Yahoo is now part of Verizon and is overseen by the telecom's subsidiary Oath. When the Yahoo data breach was revealed during the acquisition process, the buying price was decreased by $350 million. Verizon, as the parent company, will pay for half of the Yahoo settlement, and the other half will be paid by Altaba Inc., the holding company that was set up to hold Yahoo's Asian assets and investments.

In April, Altaba paid the $35 million fine that the Securities and Exchange Commission imposed on Yahoo for not notifying the public about the breach in a timely manner.

The $50 million Yahoo agreed to pay on Monday will fund compensation efforts for small businesses and individuals that incurred costs as a result of the Yahoo data breach, such as identity theft. It will compensate account holders affected by the breach with $25 per hour for the time spent dealing with the breach. Users who paid for a premium Yahoo account will be eligible for a 25% refund.

Yahoo will also cover the costs of free credit monitoring services from the company AllClear ID for two years.

A federal judge still needs to approve the settlement agreement, and a hearing is set with U.S. District Judge Lucy Koh on Nov. 29 in San Jose, Calif.

In other news:

  • Security company Check Point Software is buying cloud security startup Dome9. The acquisition will help Check Point bolster its cloud security offerings, as Dome9 enables the adoption of public cloud services on multi-cloud environments. Dome9 helps secure applications running in cloud environments, including AWS, Microsoft Azure and Google Cloud Platform. "This acquisition strengthens Check Point's position as a global leader in cloud security, enhances Check Point's Infinity architecture, and the products join the Check Point CloudGuard family of Cloud Security products," the company wrote in the acquisition announcement.
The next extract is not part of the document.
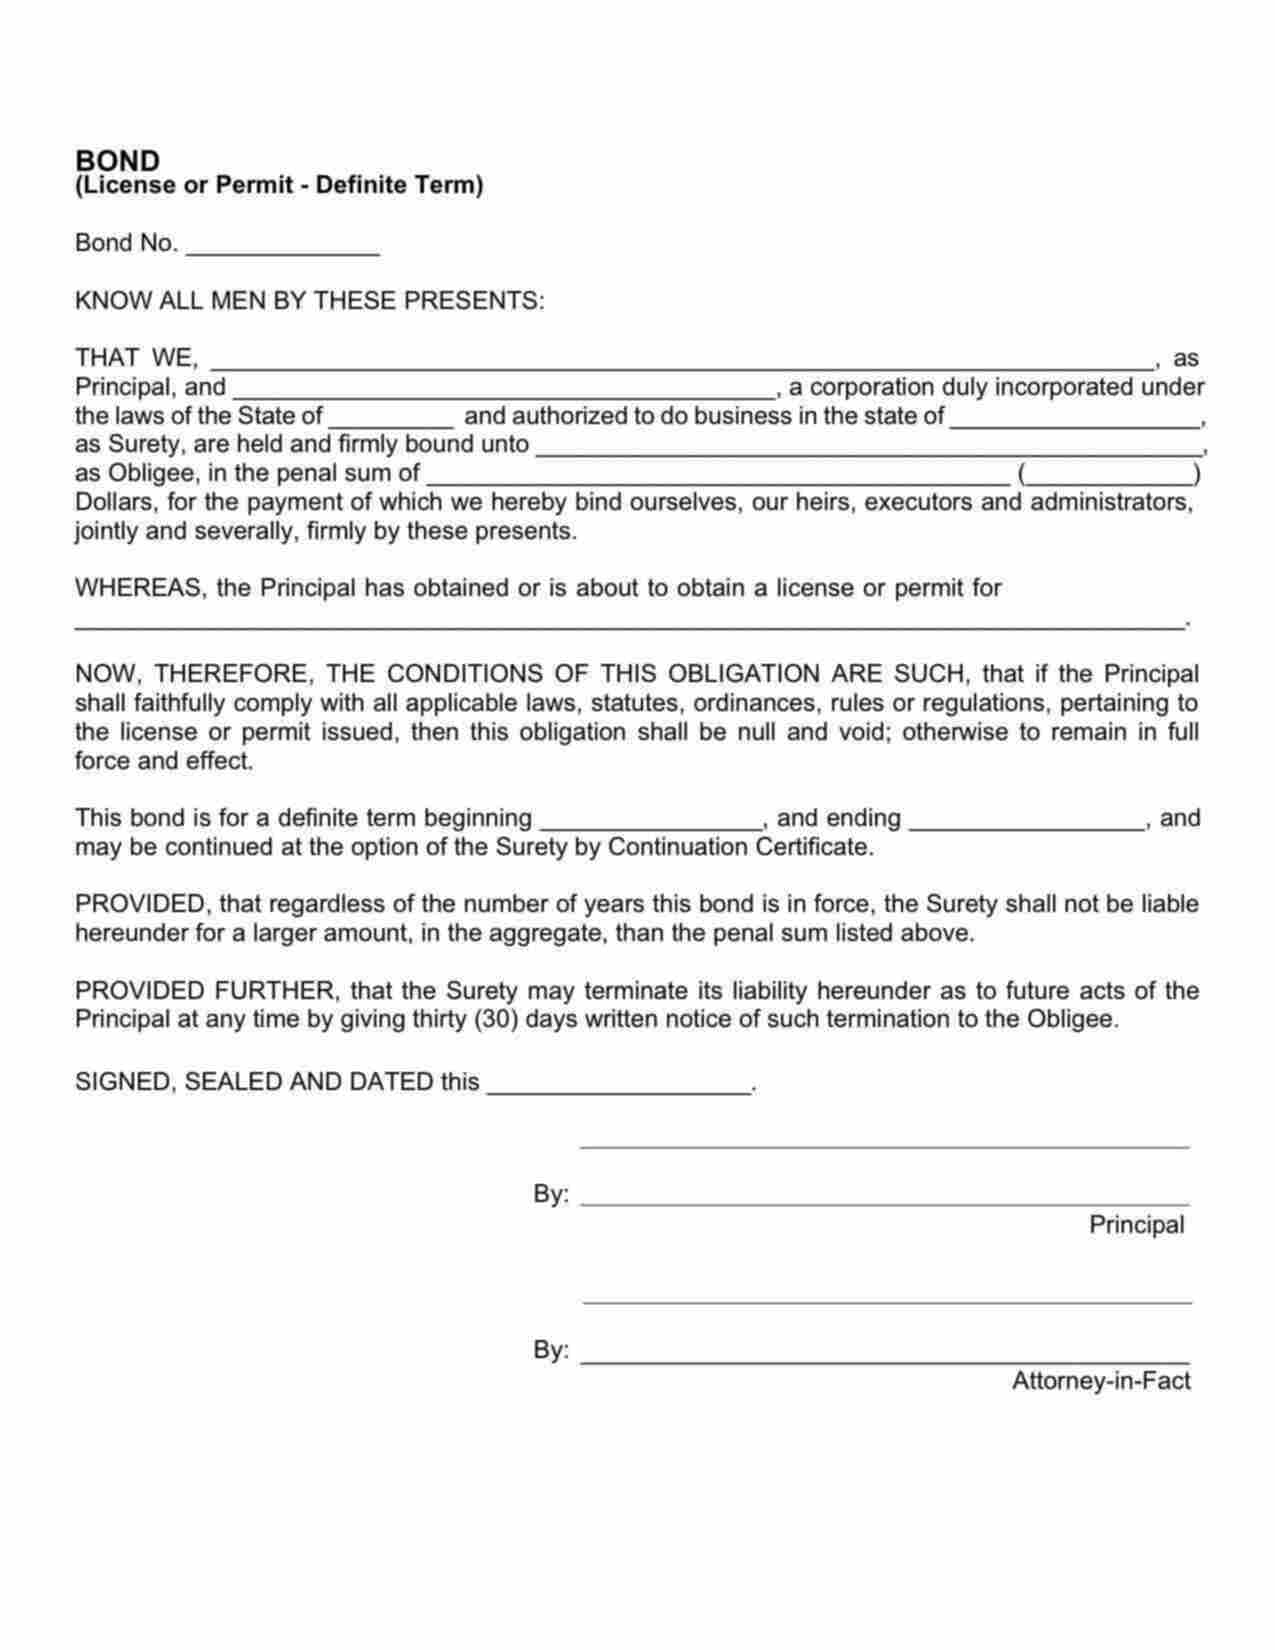 Indiana License/Permit Bond Form
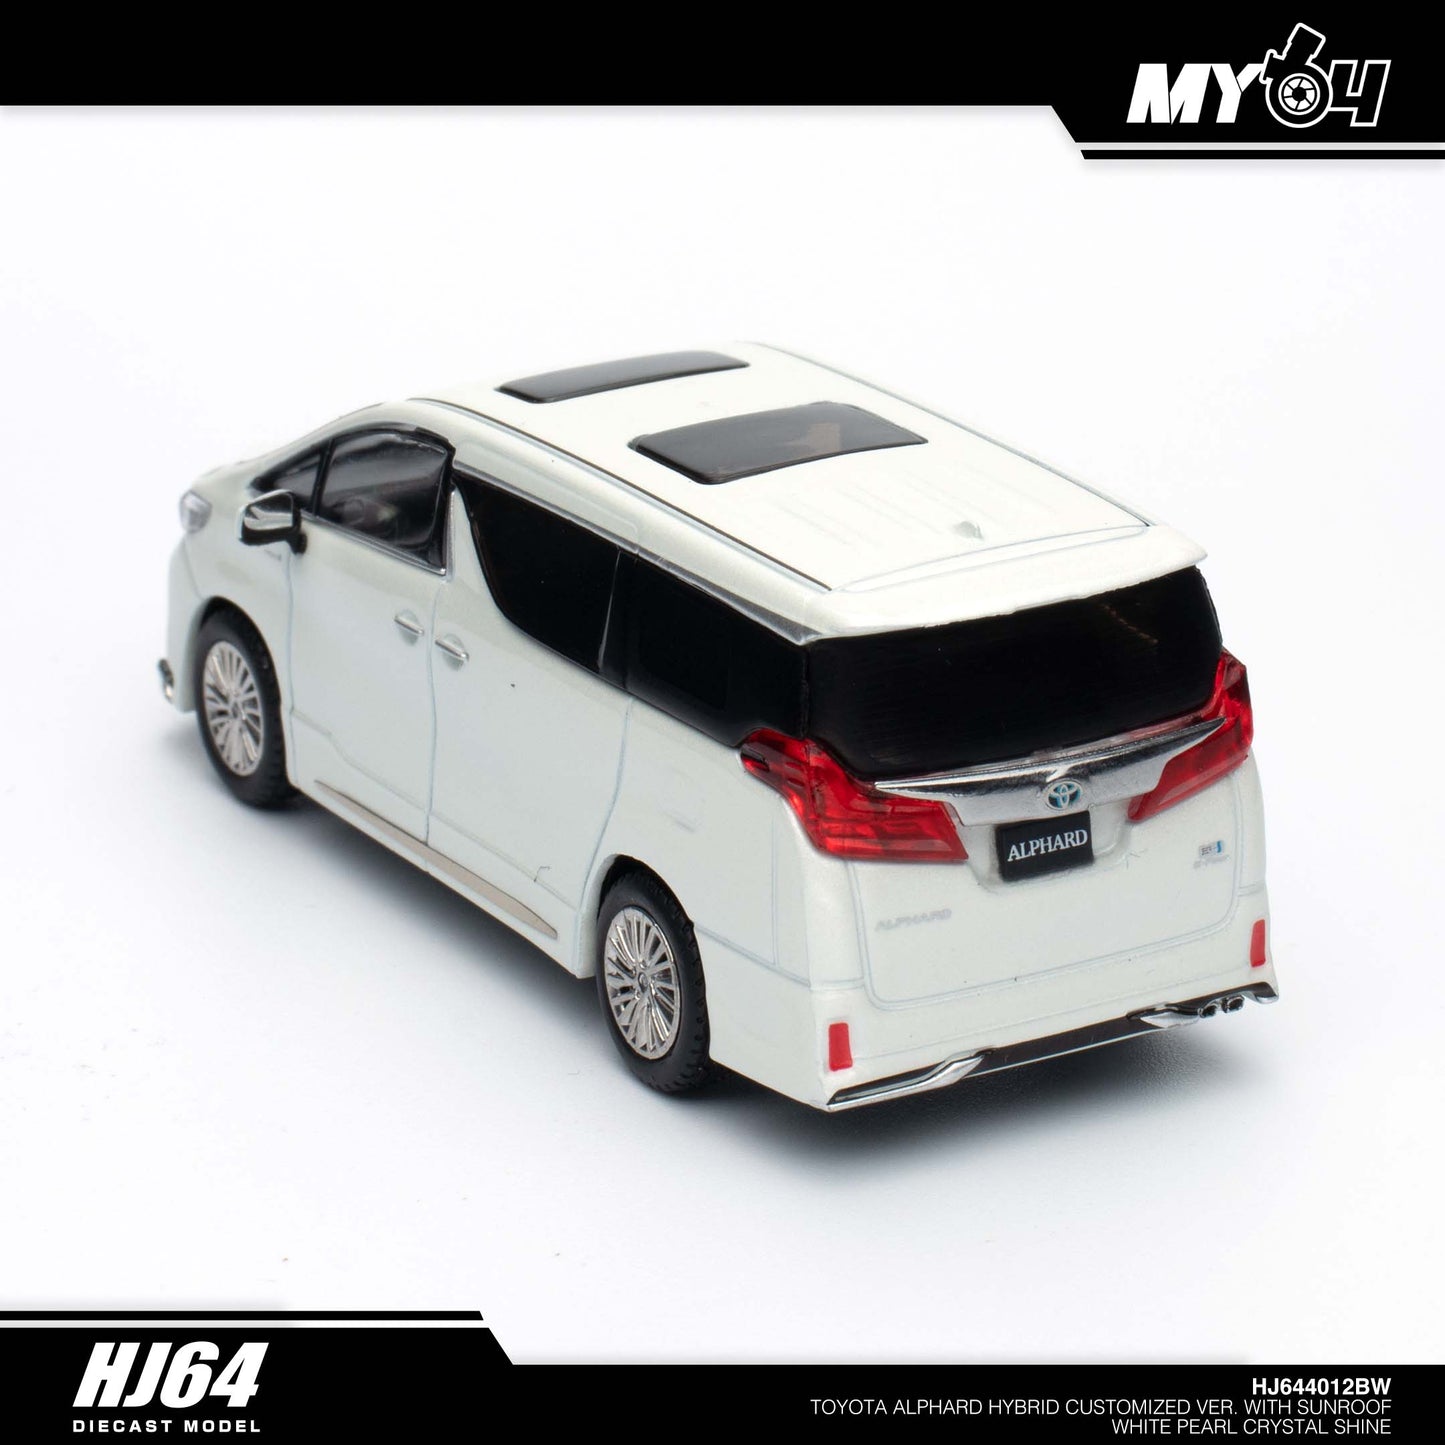 [Hobby Japan] Toyota Alphard Hybrid Customized Version With Sun Roof - White Pearl Crystal Shine

Dome9 has cloud security management, multi-cloud protection, remediation, identity and access management, network visualization, compliance, and enterprise governance capabilities in its arsenal.
  • The U.K.'s Information Commissioner's Office (ICO) is fining Facebook 500,000 euros -- approximately $644,000 -- for failing to protect user's personal data during the Cambridge Analytica scandal. The fine is the maximum possible fine in the U.K. and was calculated using the 1998 Data Protection Act. The trouble Facebook ran into with Cambridge Analytica earlier in 2018 was an exposure of up to 87 million users whose personal information was harvested by the now-shutdown firm for use by political campaigns leading up to the 2016 U.S. presidential election and U.K. referendum on Brexit. The ICO has been investigating Cambridge Analytica since the scandal broke. And while the fine is the maximum possible under the 1998 Data Protection Act, it could have been significantly higher -- closer to $22 million -- under GDPR.
  • Ron Wyden (D-Ore.) has urged the U.S. Department of Homeland Security to adopt new encryption technologies to stop foreign hackers from having too much insight into the internet activity of Americans. In a letter to DHS Under Secretary for National Protection and Programs Christopher Krebs, Wyden urged DHS to "protect web browsing information about Americans, including U.S. government employees. Metadata revealing specific website visits is currently transmitted over the internet without encryption, leaving it vulnerable to interception and tampering by foreign hackers and cyber criminals." Wyden asked that companies with federal contracts be required to use DNS over HTTPS or DNS over TLS to encrypt the metadata, as well as use Encrypted Server Name Indication. Wyden gave DHS 60 days to respond to his requests.